Throw in a listening segment
Says: Salim Merchant, musician
The announcement of Section 144 in Bengaluru has resulted in composer-singer Salim Merchant cancelling his concert in the garden city. So, this New Year's eve, he has decided to stay home. Merchant says, give some thought to the music you will play. "At my own parties, I invite guests who are open to all kinds of music genres. Sometimes, I get on the piano and play a piece, and it's often that another guest takes over eventually." If you know you have a musically inclined crowd coming over, he suggests you throw a "listening party". "It's like open mic, but slightly different. Rarely do people who are into music, get the time to listen to new work. So, one section of the night can be dedicated to everyone sitting around a person who wants to share a video, song or composition. Music is all about listening. Be open to new ideas, lift the mood and enjoy the party."
Try everything, OD on nothing
Says: Pooja Dhingra, pastry chef and founder-CEO, Le 15
Pooja Dhingra lists confusion over the menu as the top party spoiler. Not knowing whether to go with a variety of starters or focus on the main course, or pick multiple cuisines over one, is the problem. "The answer depends on the kind of party you want to host. For a sit-down dinner, focus on the main course. If your guests are going to be on their feet, a bunch of starters are a great way to ensure the conversation flows," she thinks. When it comes to cooking, Dhingra says it's safe to not experiment. "Stick to what you are good at." When going to another host's party, pace out your food and drinks. There's usually a wide variety of food to be had, so don't stuff yourself before you get the chance to try everything. If you see a dish that you don't recognise, check what is being served. At times, there might be a specific way to eat it, and it's best to err on the side of caution."
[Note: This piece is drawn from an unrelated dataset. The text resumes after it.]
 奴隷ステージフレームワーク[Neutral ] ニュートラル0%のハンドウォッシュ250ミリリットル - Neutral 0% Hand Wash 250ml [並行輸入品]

Invite guests who connect with each other
Says: Srila Chatterjee, founder of furniture and textile store Baro
Srila Chatterjee is known among her friends as the chic hostess, whose home is a treasure trove of artsy knick knacks sourced from all over the country. A hit shindig, according to Chatterjee, has guests who can connect with each other, "because it's the people who make a party". "If you care about your guests, you will make an effort. You won't be getting dressed when they come, or order food from a standard number." Chatterjee prides herself on never having hired a caterer, and cooking all she serves at home, except for specific dishes. "At Christmas, we had an old-fashioned family party where nears and dears came together, children included. It's the way I grew up in Calcutta, and it felt the same. The table groaned with food all made at home except for Mrs Rocha's ham." she says, adding, "Whether it's a family (and other animals!) gathering or a wrap party for a shoot, the most important thing is keeping people connected. They must all properly meet. I hate parties where you only meet the people you know."